*** Extracted information Section Begins ***

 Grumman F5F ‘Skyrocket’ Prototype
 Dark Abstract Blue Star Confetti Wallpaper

*** Extracted information Section Ends ***
*** Extracted information Section Begins ***

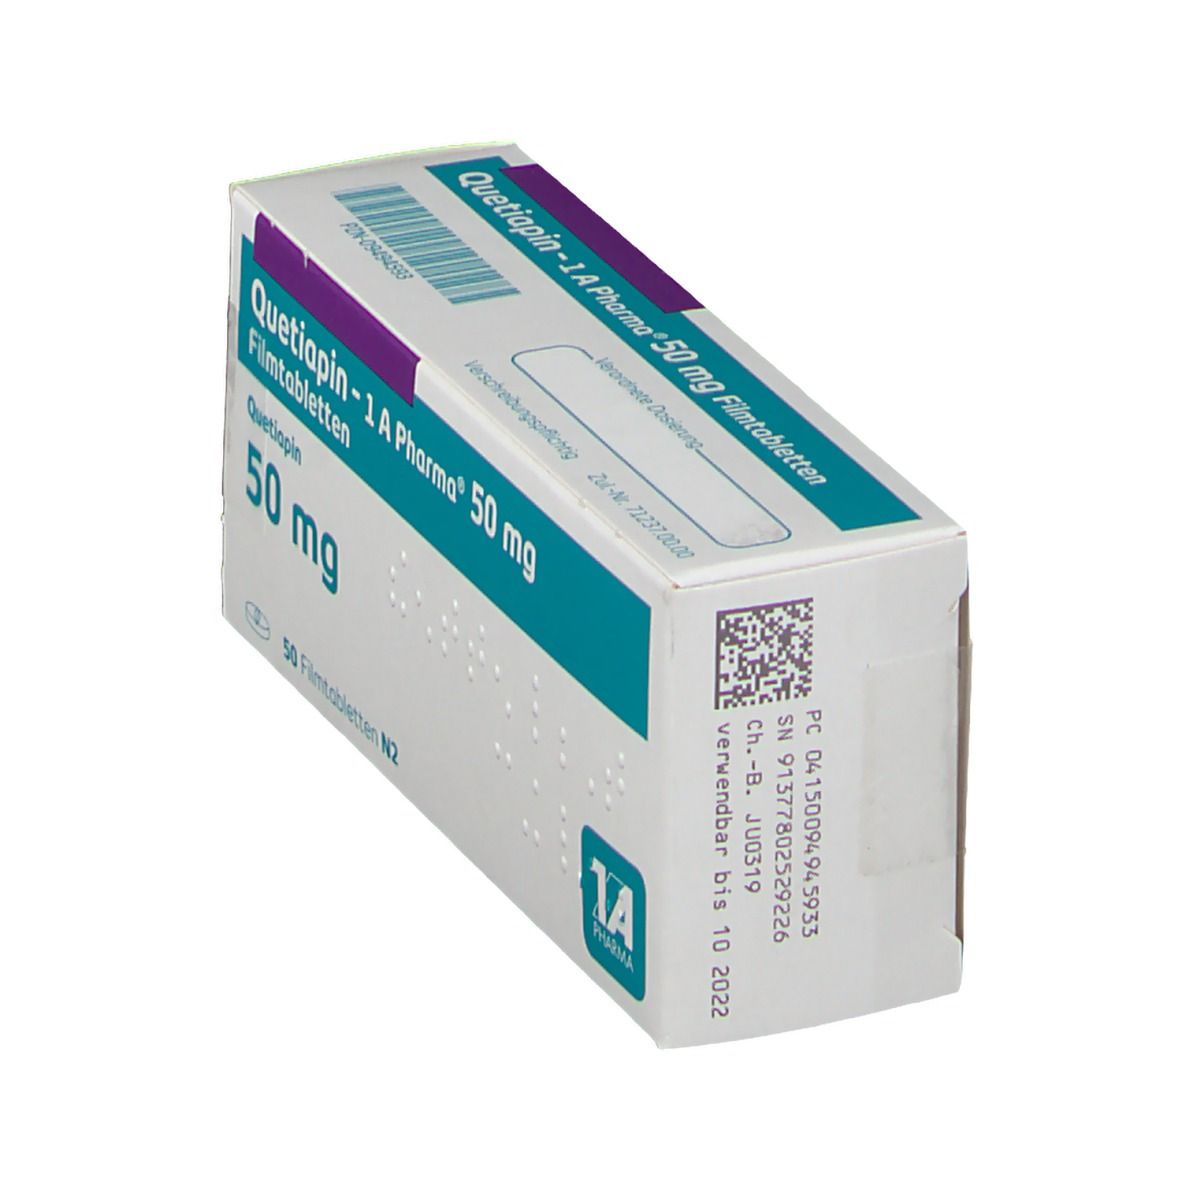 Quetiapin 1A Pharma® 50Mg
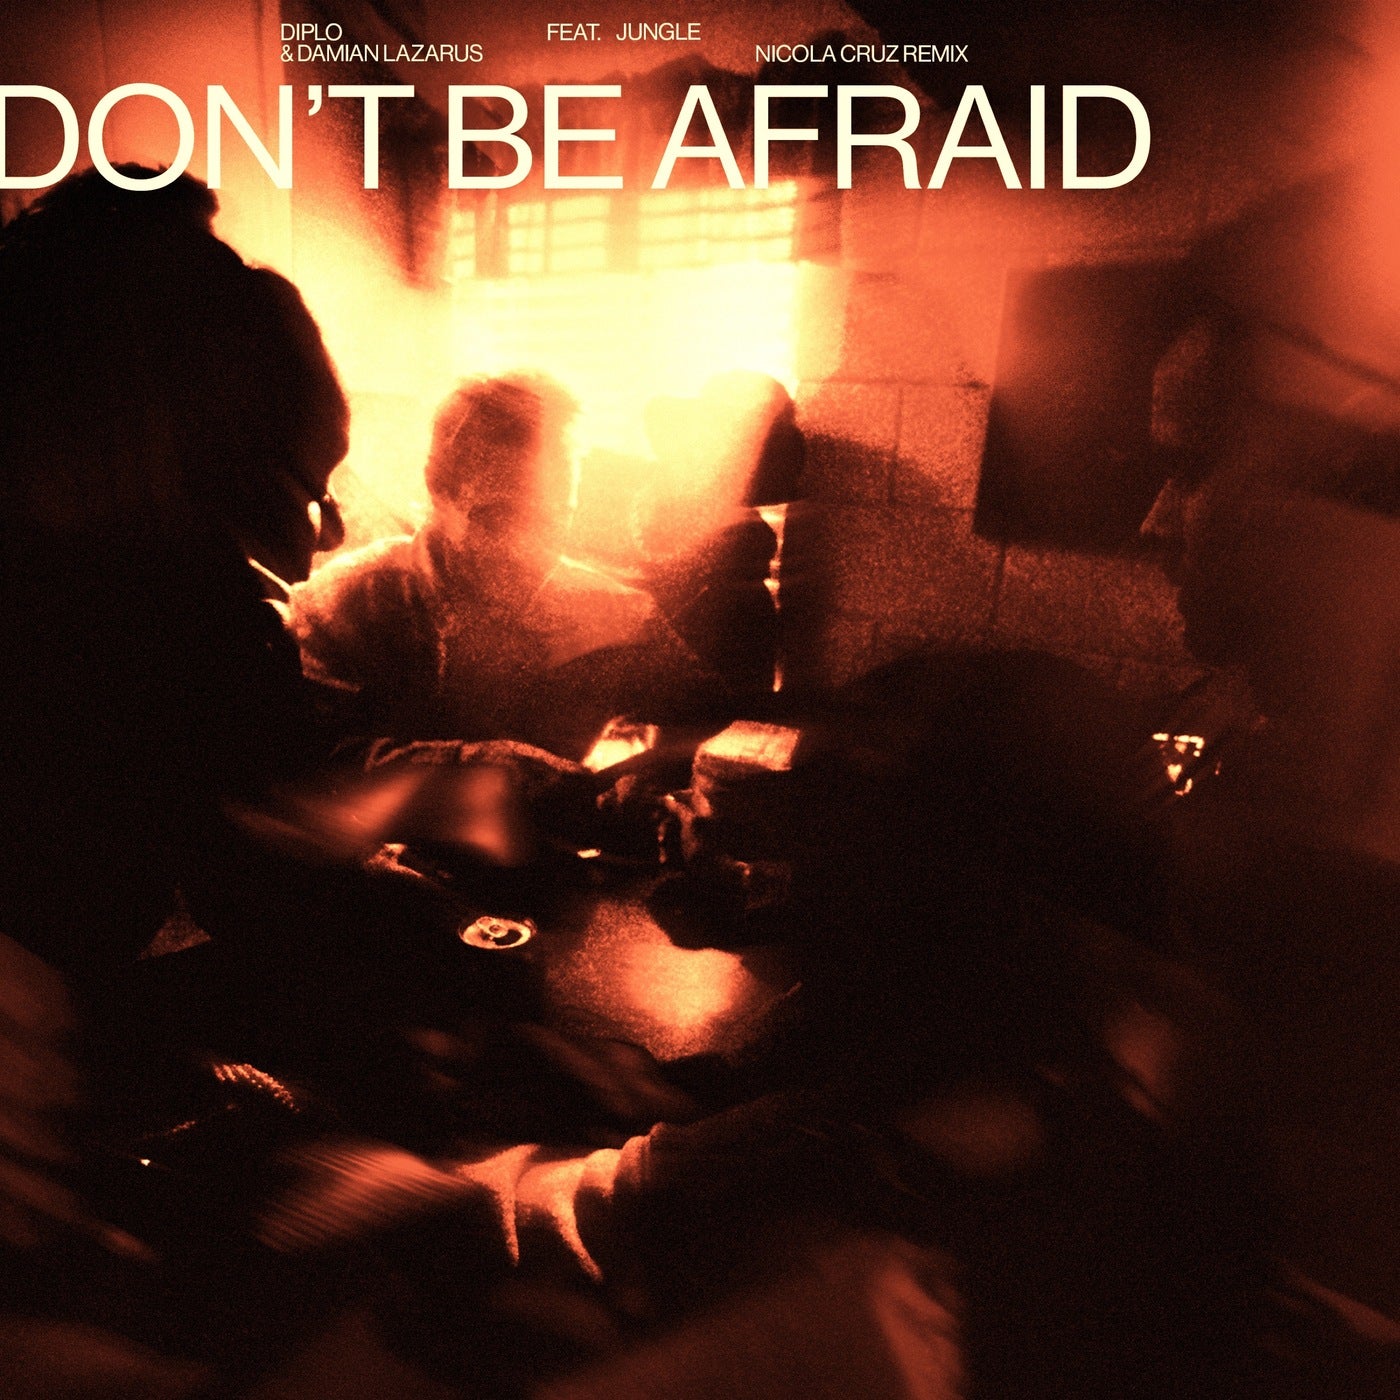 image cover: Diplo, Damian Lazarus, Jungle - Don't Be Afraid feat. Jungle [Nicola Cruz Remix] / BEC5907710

*** Extracted information Section Ends ***

▶ _Assigned task_
Among the records above, locate the line containing "Quetiapin 1A Pharma® 50Mg" and the line containing "image cover: Diplo, Damian", then transcribe exactly the lines starting at the first and ending at the second, with no pictures.

▶ _Task result_
 Quetiapin 1A Pharma® 50Mg
 image cover: Diplo, Damian Lazarus, Jungle - Don't Be Afraid feat. Jungle [Nicola Cruz Remix] / BEC5907710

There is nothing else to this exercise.